Why Startups Should Care About PR

One of the common questions that startups ask is whether or not they should bother with hiring a PR agency. PR agencies are fairly expensive for small businesses to work with, often thousands per month on a retainer basis. The most common complaint I hear is that they’re pricey, and difficult to measure the return on investment. So when does it make sense to hire a PR firm?

How PR Can Help Startups

  • SEO: Getting links from news outlets can significantly help generate inbound links from top-tier publications and help your company move up the search engine rankings.
  • Credibility: Many startups get initial coverage from news outlets and having articles in search results helps establish credibility to potential consumers. Many small companies also use the logos linking to the articles on their website for the “As seen on” sell.
  • Business Development: If you can get coverage from a targeted outlet, this can be a great source for business development from readers that see a good fit with your business.
  • User Acquisition: If your business requires network effects or is solving a relevant and compelling consumer need, PR can in some cases be a great avenue for user acquisition through targeted media outlets. Mint.com or BillShrink trying to get news coverage during an economic recession are great examples of relevant news for journalists to write about. The key is to ensure that the media outlets that you seek out target your actual user base. Unfortunately many startups end up targeting the tech press, which in many cases is not your target customer or doesn’t expand your reach beyond the audience which you already likely have strong penetration.
  • Investment: If you’re an early-stage startup seeking funding, getting coverage in one of the mainstream tech blog can be a great starting point for meeting investors and regular news posts can be a proof point to establish credibility.

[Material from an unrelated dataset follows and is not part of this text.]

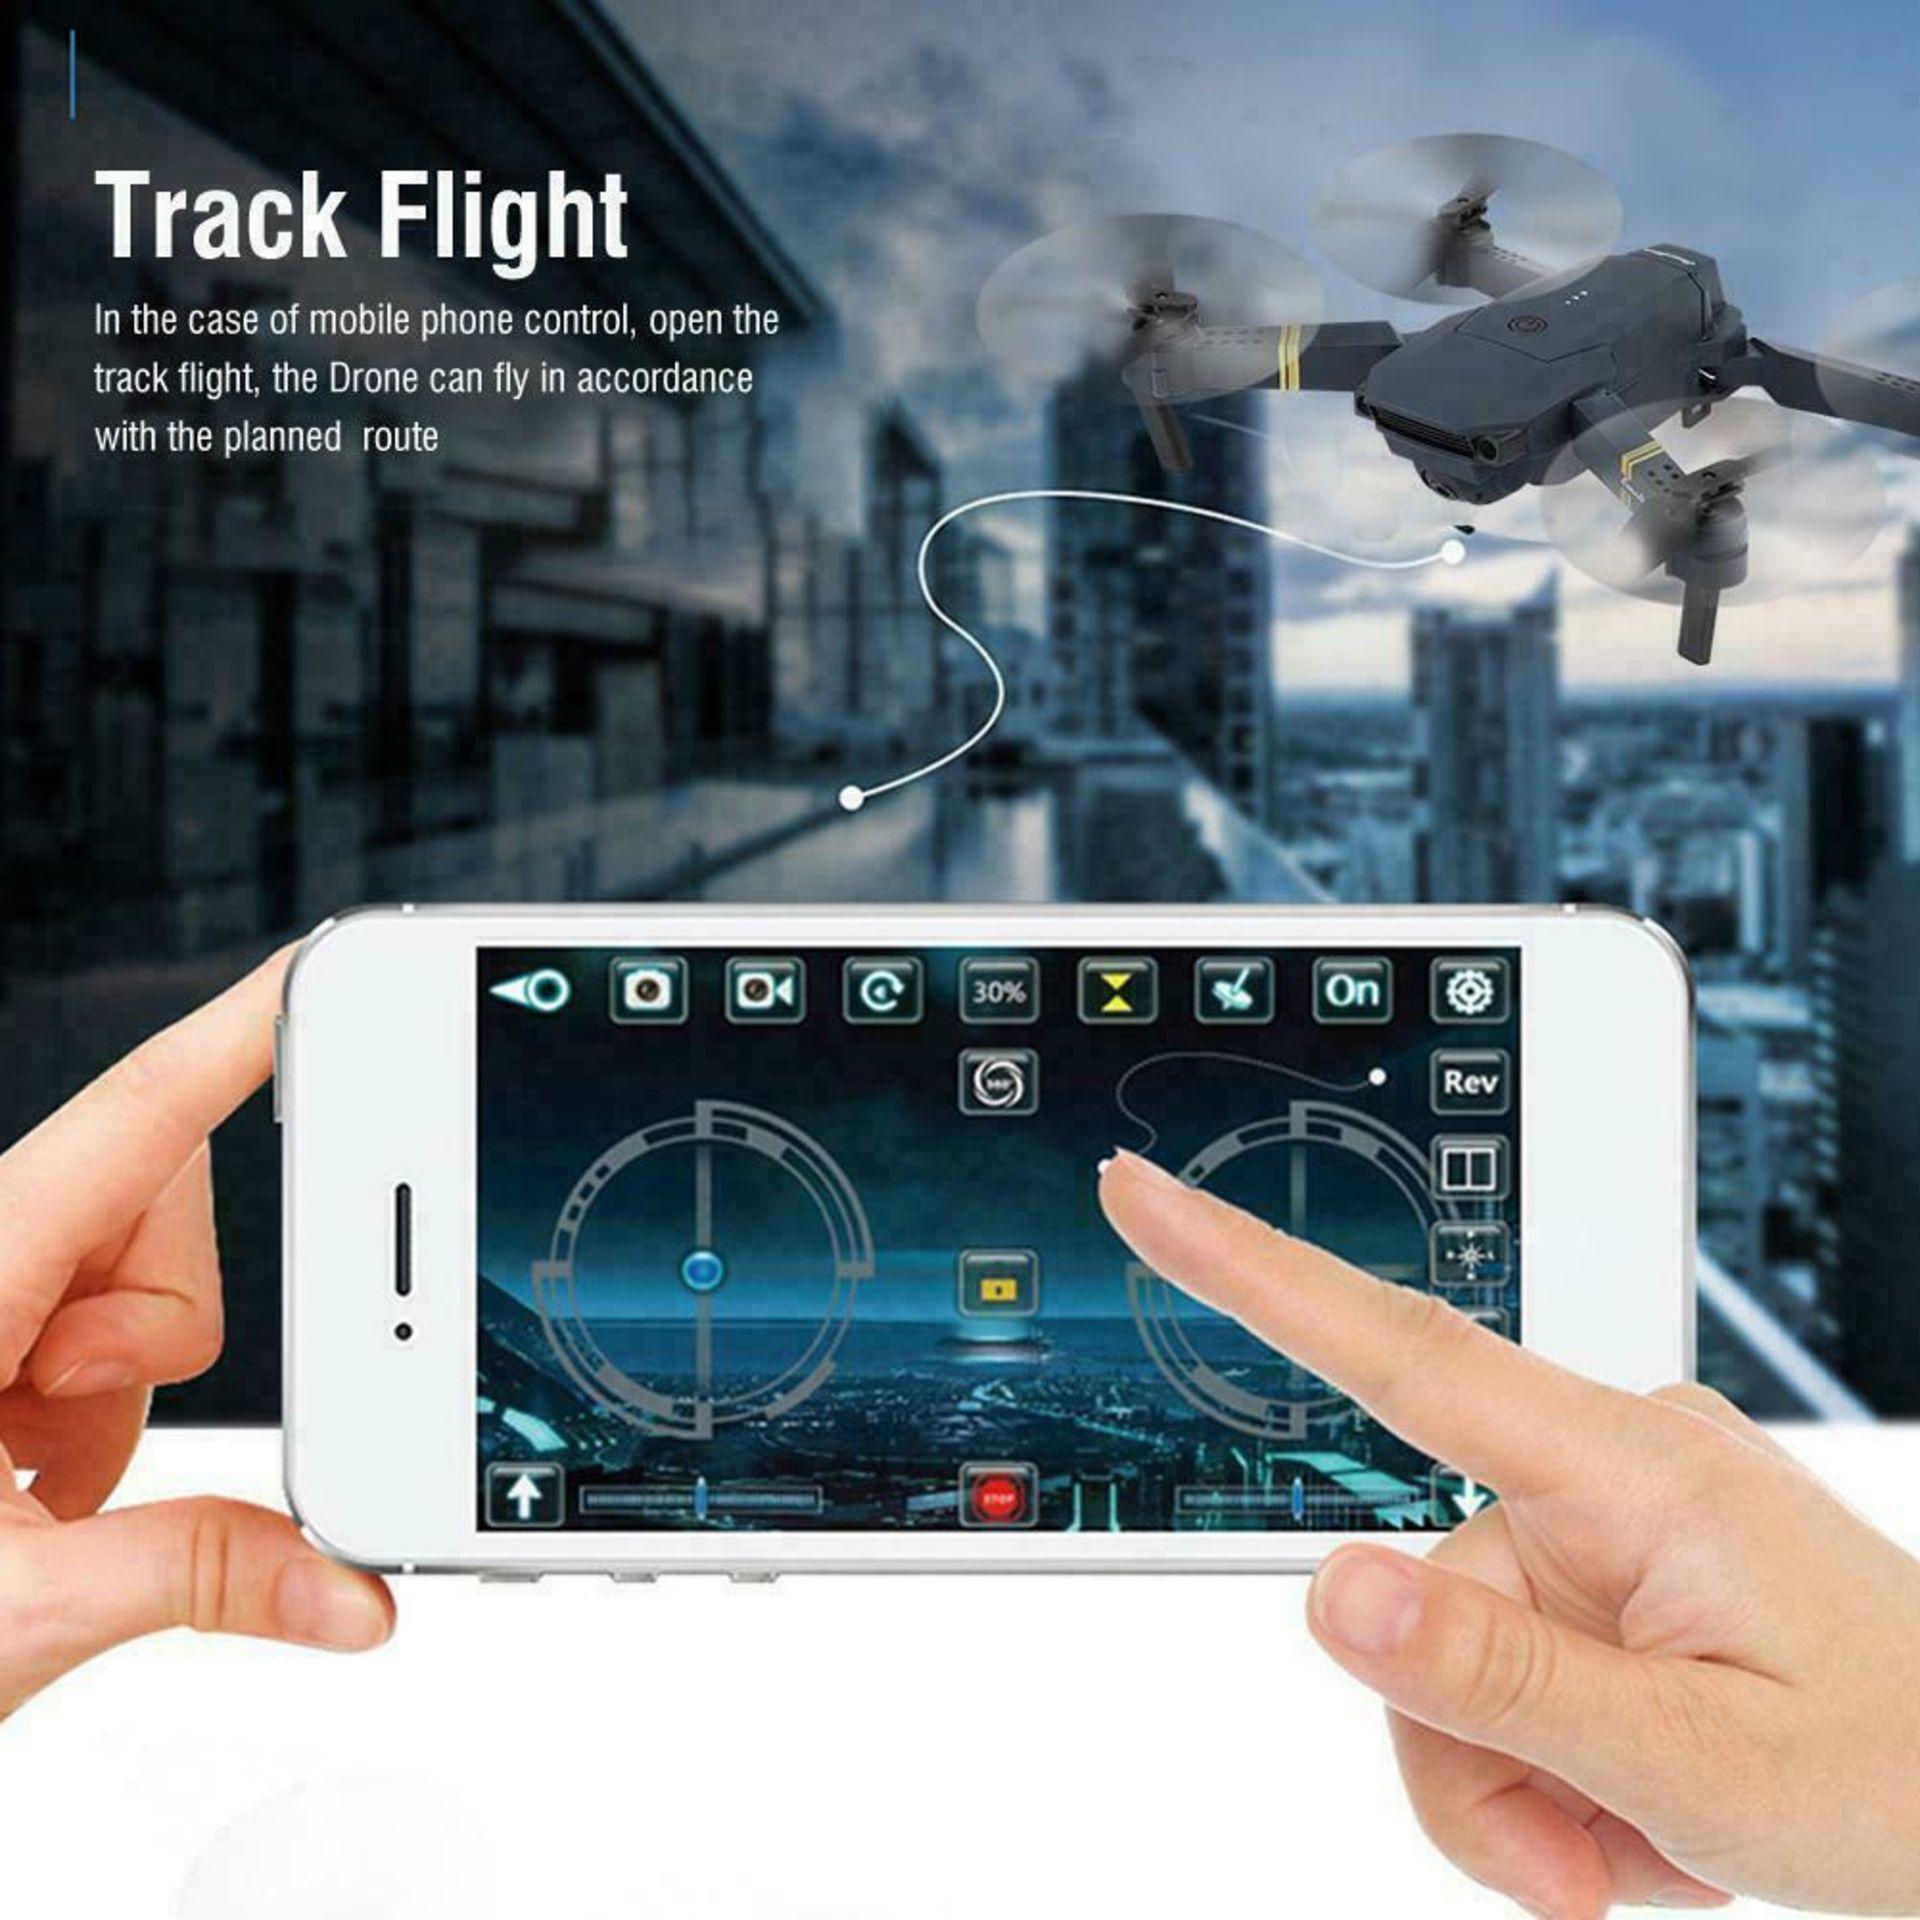 NEW & UNUSED DRONE X PRO WIFI FPV 1080P HD CAMERA FOLDABLE RC QUADCOPTER + BAG *PLUS VAT* - Image 7 of 9

Four Questions To Ask Yourself Before Hiring a PR Firm

How do you decide whether or not you can go down that path? Here are some considerations to think through.

Do you have the resources?

PR firms cannot be effective without significant level of executive sponsorship within the company. I’ve met PR firms that are unwilling to work with startups unless they have an executive as a day-to-day contact. Without visibility into product roadmap, deal pipeline, shifts in company priority and goals, your PR firm is operating blind and cannot be effective as a strategic partner. If you treat them like an outsourced vendor, they’ll perform that way. Also, PR teams often require significant rampup to understand your product, your customers and your space especially in many of the fuzzy developing markets that startups operate in. If you don’t have someone at your company who is committed and capable of managing this relationship, it can be very hard to make it effective.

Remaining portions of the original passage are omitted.